PROBLEM DETAILS:
Begin at the line that contains "Conchita Würst (candidate" and repeat every line from there to the end of the records below, inclusive, without adding any other line.

DATASET EXTRACT:
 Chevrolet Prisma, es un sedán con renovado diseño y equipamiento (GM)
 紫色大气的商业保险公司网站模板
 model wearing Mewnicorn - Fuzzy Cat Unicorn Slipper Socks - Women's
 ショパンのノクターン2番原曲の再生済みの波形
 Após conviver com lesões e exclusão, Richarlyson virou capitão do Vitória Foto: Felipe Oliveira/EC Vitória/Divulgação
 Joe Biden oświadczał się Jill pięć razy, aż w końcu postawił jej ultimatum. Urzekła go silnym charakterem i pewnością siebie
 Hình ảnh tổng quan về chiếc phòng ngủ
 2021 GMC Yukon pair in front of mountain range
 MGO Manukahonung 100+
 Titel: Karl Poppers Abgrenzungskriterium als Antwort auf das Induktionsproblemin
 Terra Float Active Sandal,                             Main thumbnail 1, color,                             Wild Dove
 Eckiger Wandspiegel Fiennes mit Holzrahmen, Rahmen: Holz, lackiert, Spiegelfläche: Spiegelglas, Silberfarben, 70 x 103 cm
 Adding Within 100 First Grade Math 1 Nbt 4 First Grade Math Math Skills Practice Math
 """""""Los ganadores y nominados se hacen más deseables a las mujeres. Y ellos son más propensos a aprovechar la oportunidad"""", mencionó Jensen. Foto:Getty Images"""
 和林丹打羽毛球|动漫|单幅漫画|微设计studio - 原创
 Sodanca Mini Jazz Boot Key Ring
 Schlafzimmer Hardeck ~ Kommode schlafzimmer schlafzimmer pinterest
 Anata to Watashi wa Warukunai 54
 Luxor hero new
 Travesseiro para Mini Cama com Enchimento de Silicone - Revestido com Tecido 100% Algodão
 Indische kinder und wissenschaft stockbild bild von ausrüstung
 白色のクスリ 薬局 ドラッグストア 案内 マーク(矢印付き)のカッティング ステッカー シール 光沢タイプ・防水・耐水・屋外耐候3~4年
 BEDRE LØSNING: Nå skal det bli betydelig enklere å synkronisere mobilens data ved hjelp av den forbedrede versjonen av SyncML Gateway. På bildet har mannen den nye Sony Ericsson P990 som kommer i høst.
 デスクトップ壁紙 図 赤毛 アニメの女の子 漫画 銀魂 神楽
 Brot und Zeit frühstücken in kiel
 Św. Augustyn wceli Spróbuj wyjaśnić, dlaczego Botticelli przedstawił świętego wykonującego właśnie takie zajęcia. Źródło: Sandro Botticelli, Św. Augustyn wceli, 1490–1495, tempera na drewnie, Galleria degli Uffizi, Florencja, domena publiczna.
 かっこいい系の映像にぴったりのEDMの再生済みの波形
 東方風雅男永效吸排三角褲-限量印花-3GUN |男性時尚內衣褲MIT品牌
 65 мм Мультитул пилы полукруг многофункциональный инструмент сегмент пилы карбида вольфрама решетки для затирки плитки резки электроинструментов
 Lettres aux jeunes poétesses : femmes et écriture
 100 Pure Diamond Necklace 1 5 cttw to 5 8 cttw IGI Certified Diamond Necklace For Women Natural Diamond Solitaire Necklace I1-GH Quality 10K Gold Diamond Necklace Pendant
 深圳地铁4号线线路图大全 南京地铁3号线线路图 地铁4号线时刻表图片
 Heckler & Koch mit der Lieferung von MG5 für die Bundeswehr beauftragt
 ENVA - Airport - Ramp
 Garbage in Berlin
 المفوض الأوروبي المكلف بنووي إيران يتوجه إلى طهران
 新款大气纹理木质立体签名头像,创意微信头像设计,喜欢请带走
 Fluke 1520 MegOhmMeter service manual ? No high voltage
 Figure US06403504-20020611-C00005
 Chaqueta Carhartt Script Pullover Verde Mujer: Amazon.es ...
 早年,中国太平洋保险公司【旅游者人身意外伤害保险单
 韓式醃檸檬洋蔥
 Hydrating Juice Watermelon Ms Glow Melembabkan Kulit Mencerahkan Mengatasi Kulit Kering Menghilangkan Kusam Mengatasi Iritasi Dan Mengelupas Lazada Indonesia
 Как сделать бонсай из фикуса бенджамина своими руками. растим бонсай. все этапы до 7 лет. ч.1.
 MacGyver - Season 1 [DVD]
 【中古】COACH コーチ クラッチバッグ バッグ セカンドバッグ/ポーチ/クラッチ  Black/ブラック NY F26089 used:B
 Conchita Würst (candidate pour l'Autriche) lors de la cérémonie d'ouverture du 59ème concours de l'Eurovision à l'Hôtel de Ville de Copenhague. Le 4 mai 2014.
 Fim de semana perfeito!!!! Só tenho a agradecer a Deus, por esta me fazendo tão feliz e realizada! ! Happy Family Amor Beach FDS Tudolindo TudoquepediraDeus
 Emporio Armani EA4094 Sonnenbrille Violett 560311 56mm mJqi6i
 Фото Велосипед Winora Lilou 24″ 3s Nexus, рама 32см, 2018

EXPECTED OUTPUT:
 Conchita Würst (candidate pour l'Autriche) lors de la cérémonie d'ouverture du 59ème concours de l'Eurovision à l'Hôtel de Ville de Copenhague. Le 4 mai 2014.
 Fim de semana perfeito!!!! Só tenho a agradecer a Deus, por esta me fazendo tão feliz e realizada! ! Happy Family Amor Beach FDS Tudolindo TudoquepediraDeus
 Emporio Armani EA4094 Sonnenbrille Violett 560311 56mm mJqi6i
 Фото Велосипед Winora Lilou 24″ 3s Nexus, рама 32см, 2018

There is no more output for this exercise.